Тотчас cнаружи раздались нестройные хлопки, и хмурое небо озарили сотни крутых извилистых дуг со звездочками на конце — многоцветные сигнальные снаряды, что были пущены из ненужных более ракетниц. Одна из этих звездочек, самая яркая, как-то странно зависла над самим бункером и некоторое время оставалась в том же положении, прежде чем пасть наземь. Однако никто из солдат не обратил на это внимания, потому что все глядели на Деву с Младенцем.
— Счастливого всем Рождества, — наконец, отозвался Ройбер.

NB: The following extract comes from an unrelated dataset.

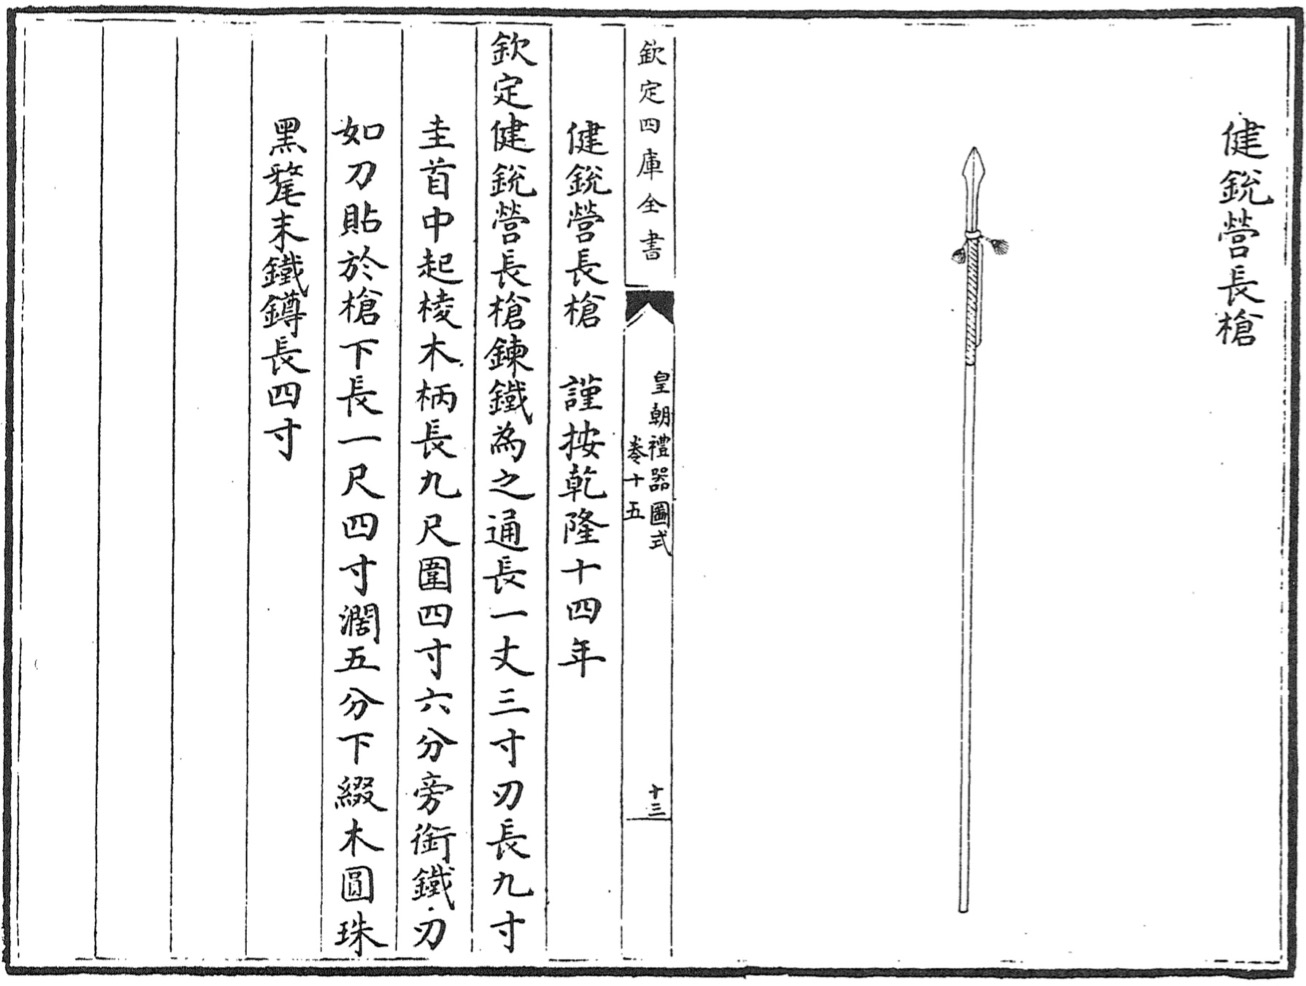 Jianruiying long spear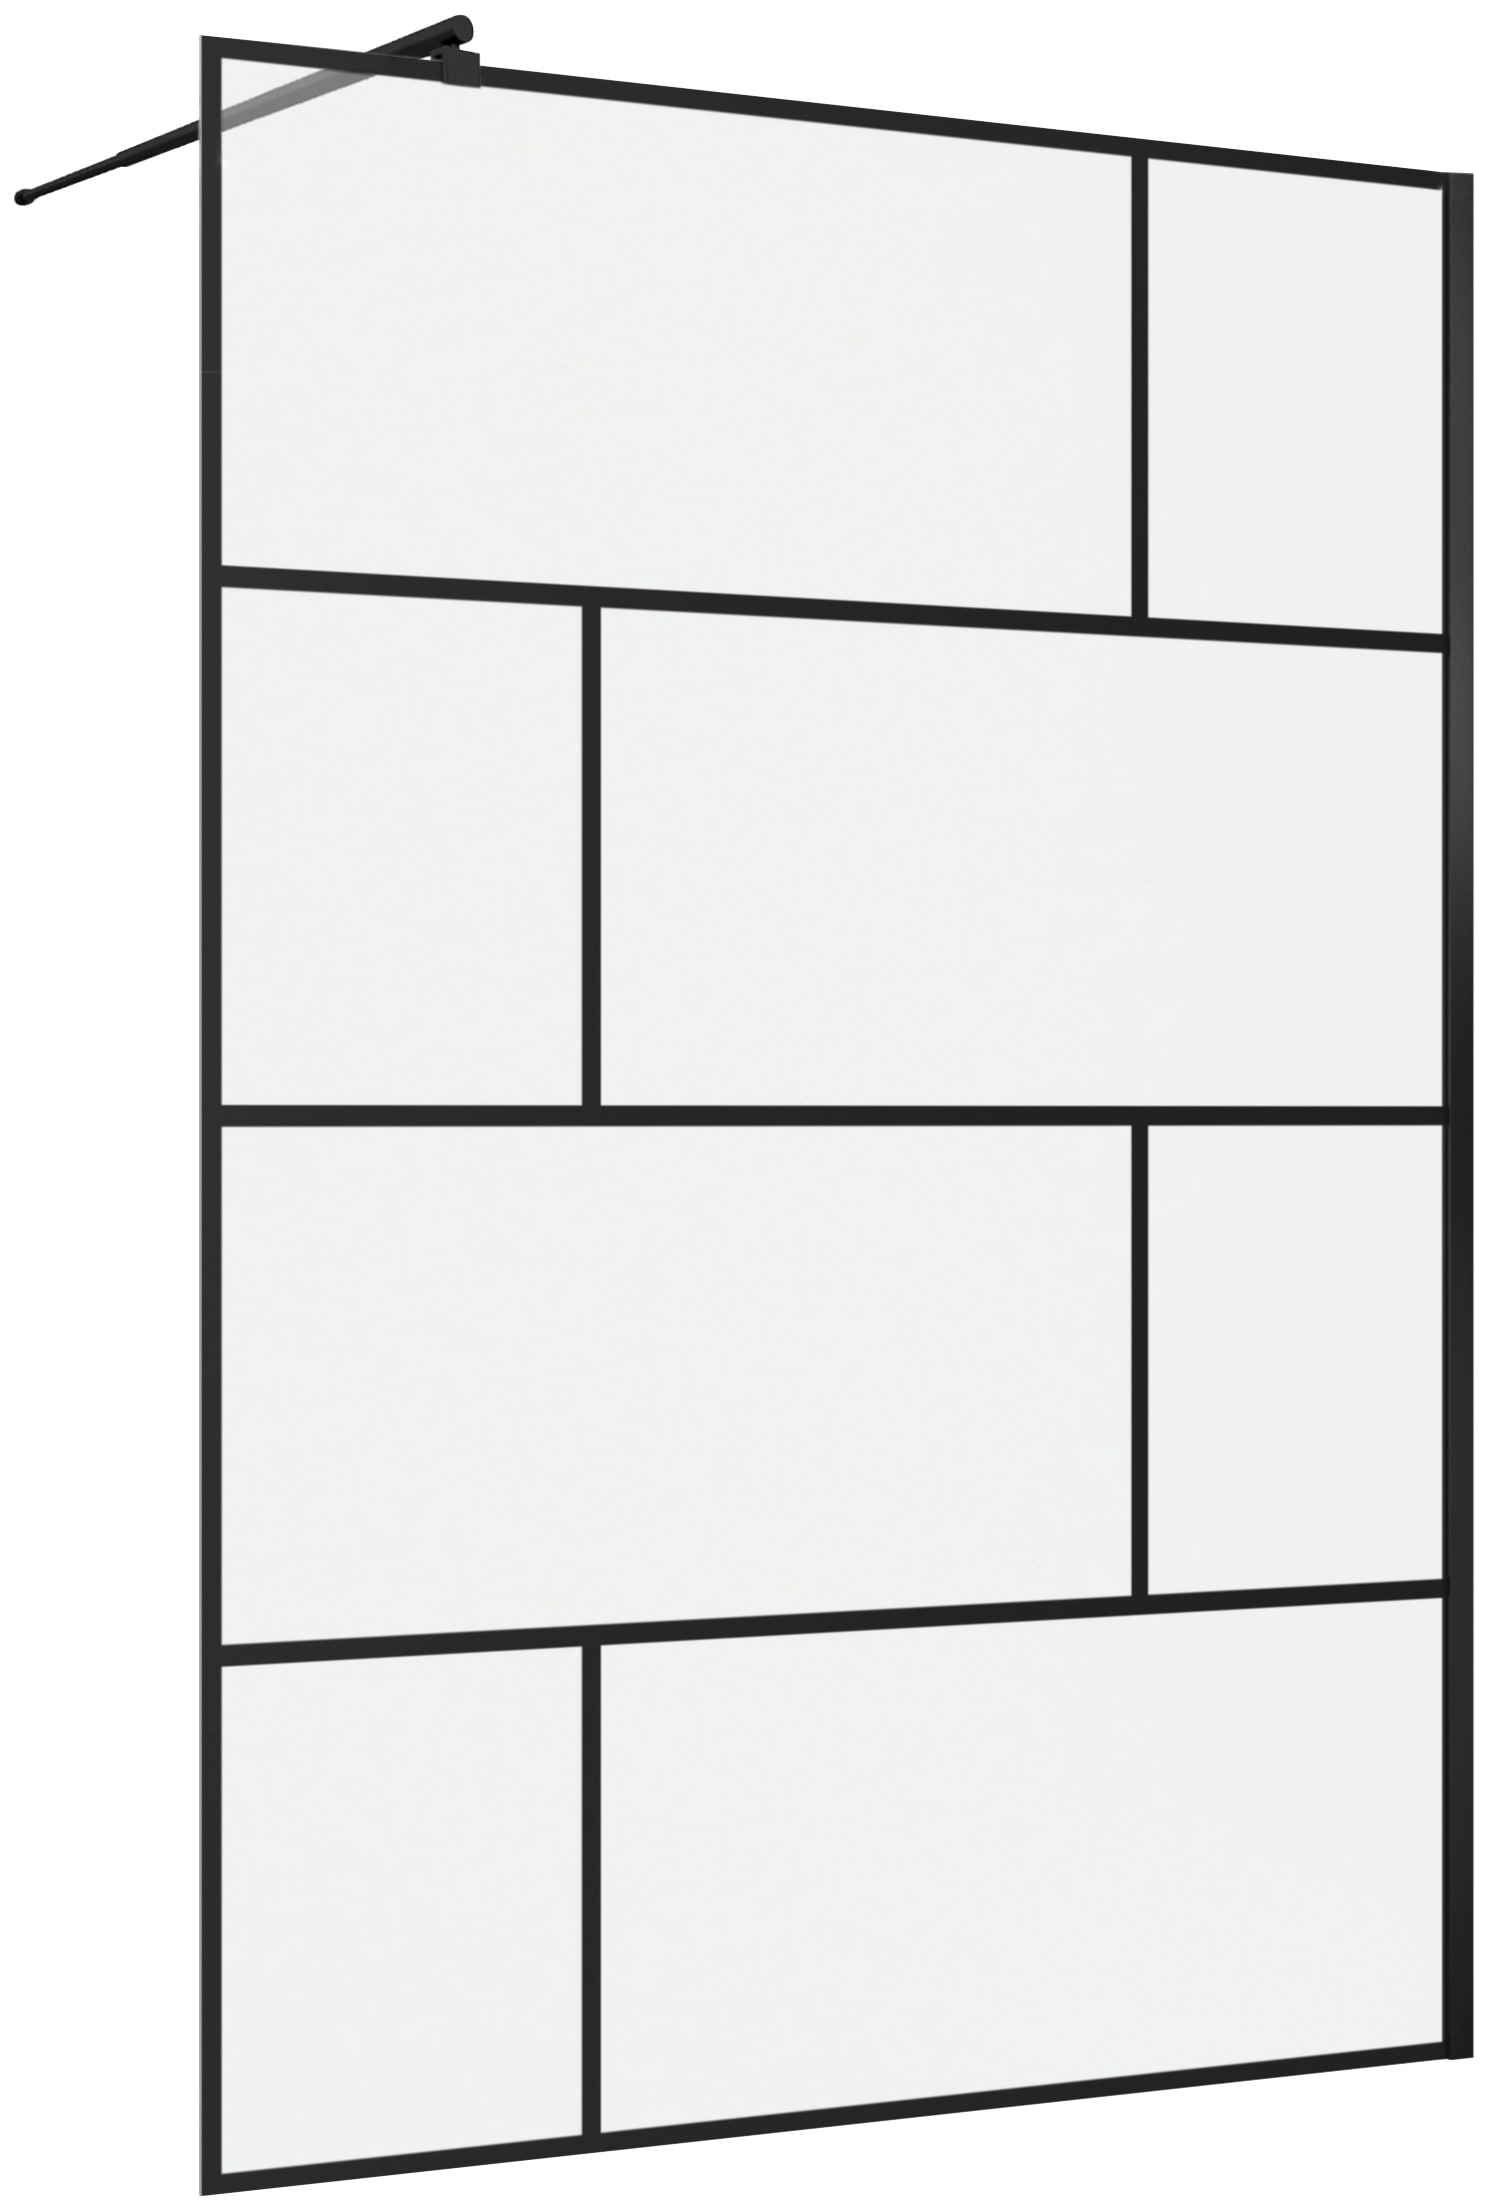 Marwell Walk-in-Dusche "Bricks", 90 x 195 cm, inkl. Haltestange für Wandmontage

Ему вторили негромкие голоса.
— Ночь тиха, ночь свята, — затянул кто-то. — Stille Nacht, heil’ge Nacht…
И тотчас мотив подхватили хриплые, до глубины души промерзшие голоса:
Alles schl"aft,einsam wacht.
Nur das traute heilige Paar.
Holder Knab’im lockigen Haar,
Schlafe in himmlischer Ruh!
Schlafe in himmlischer Ruh![1]
Видер тем временем говорил:
— Благорастворение воздухов. Мир на земле и мир в людях доброй воли… А мы? Мы, кто не заслужил прощения за надругательство над этой землей? Мы-то будем спасены, Курт?
— Знаете, Видер, я об этом не думал, когда рисовал. Как-то всё равно стало. Дело своё я, во всяком случае, сделал, а это главное.
Под конец убогого празднества Ройбер писал жене:
«Как ни неловко — и даже стыдно — мне говорить это, но к картине, на которой я изобразил Мать и Младенца, и к нашему бункеру началось прямо-таки паломничество. И уходили оттуда совсем другие люди. Один из наших лейтенантов роздал солдатам всё, что у него было: сигареты, писчую бумагу, хлеб. „У меня больше ничего не осталось, — говорил он. — И всё-таки это Рождество — прекраснейшее в моей жизни“. Командир дивизии угостил меня и других врачей спиртом из своей фляжки и подарил плитку шоколада. Была даже бутылка настоящего французского шампанского — для самых тяжелых из тех, кто находится на моем попечении. И знаешь, что я тебе скажу? Я с лёгким сердцем повторяю слова лейтенанта. Ибо я, что бы со мной ни случилось, бесконечно благодарен за то, что подарил мне сочельник и — заранее — за всё то, что пошлет весь этот необыкновенно начавшийся год».
Но о том, что уже на следующее утро карающая справедливость их противника обрушит на занятый чужаками лоскут земли вал земного и небесного огня, Ройбер написать жене так и не сумел. Слишком много страдающей человеческой плоти обрушилось на него самого.
И о том разговоре, что случилось несколько времени спустя, Курт тоже не сообщил милой супруге. Это было бы напрасным занятием, которое хоть и не могло никак уже повредить ему самому, привлекло бы к его близким излишнее внимание цензуры.
Наклонившись к носилкам генерала, военврач говорил:
— Вас вывезут из кольца, и вы сохраните жизнь, в отличие от многих из нас. Нам здесь предстоит платить за свои и чужие грехи полной мерой. Уж поверьте, герр Штайндлер, я всё это хорошенько прочувствовал. Так вот: возьмите с собой мою картину Пресвятой Девы и постарайтесь передать жене — адрес я написал. Она знает, что с этим делать.
…Последний самолет рвётся из пожатья каменной десницы и летит теперь в скрещении ночных прожекторов. Вырвался, наконец. Темнота, тишина, гудение моторов. Хмурые облака над головой.